I had to make a follow up call about a personal matter, and I lost all composure. I felt so panicky. It came out as anger. My response would have been fitting if my life was in danger, not just that someone was being a jerk on the phone. I ended the call and later called back to apologize. It went over ok, I guess, and the matter was resolved. I guess.
But now I'm really crashing.

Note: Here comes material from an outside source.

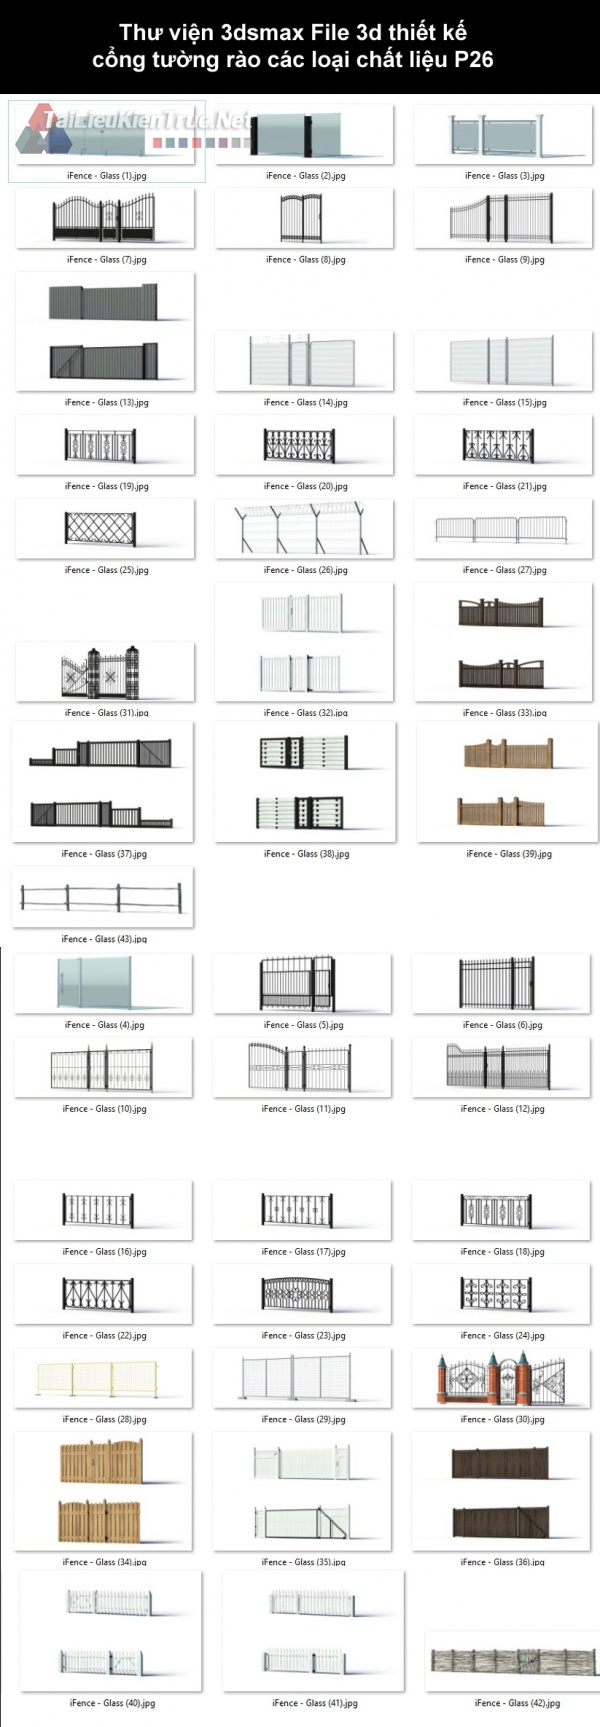 Thư viện 3dsmax File 3d thiết kế cổng tường rào các loại chất liệu P26

I'm wanting to do anything to not feel what I am feeling... anything. I put all my medications in a place that is cumbersome to get to, just to slow myself down from impulsively taking anything. I'm judging the heck out of myself for needing to do so.
I believe I am a horrible person, for a lifetime of screwing up. I tried to walk to the grocery store, while listening to an audiobook to distract, and I couldn't tell you what the story was about. My mind kept thinking of all the crap things I have done in life. It's like I am torturing myself.
I'm entertaining suicidal thoughts. I am not going to act on them in any way. I just want to not exist. I want to not be in the world anymore. I don't want to inflict my existence on anyone anymore. My therapist and I talked on Friday about not wanting to exist as a kid, and how it was what my father really wanted... It's like I have taken that distorted thinking to a deeper level. I really believe it.
My therapist is about to go on vacation, but I have an appointment with her first thing in the morning. She is coming in just to see me. I emailed her this weekend to say I was struggling... I haven't told her how bad today is. I know I need to tell her, but I am convinced she will quit if I do. I keep thinking I need to pull myself together so I can tell her I had a bad day, but I got through it and got to a better place on my own by doing xyz.
I know a million "skills" I could do, but none of them seem to be working. My father was right. I want to stop breathing.
I know, somewhere in me, that well, horrible people should work hard to be better. That's what I am doing. I am failing.
Even as I write this, I am thinking "ugh, don't say this. This is horrible to say. I am such a problem." I can't believe I am worth caring about. I can't.
I typed an email to my therapist to cancel therapy tomorrow. I don't want to go. I am going to be a problem. I am so scared I am going to lose my sh*t and breakdown and cry or worse, get triggered and run out or yell at her or tank the whole session somehow. I am really scared I will sabotage therapy tomorrow. I rather not go than go and ruin all of it.
My last therapist, who was just as amazing if not more so than my current therapist, told me I only made one mistake, one mistake, and that our abrupt ending was not all my fault, she was already triggered and she thought she could handle it if I did what I did, and that many clients do the same thing but somehow, for me, she couldn't so it and I "handled the relationship well the entire time, except for just one mistake" ... I did make one mistake. It ruined everything.
I always made one small mistake at home that would trigger my father into violent days long rages. Days long. He would even keep me home from school as punishment as he raged more. "You need to obey when I tell you how to load the dishwasher."
I'm in tears. I feel so scared, of everything, mostly of myself. I don't know quite what I am scared of. I don't know what to do. I don't trust my decisions at all right now. I know I need to tell my therapist, but I don't know how or what to tell her. Any feedback or thoughts would be much appreciated.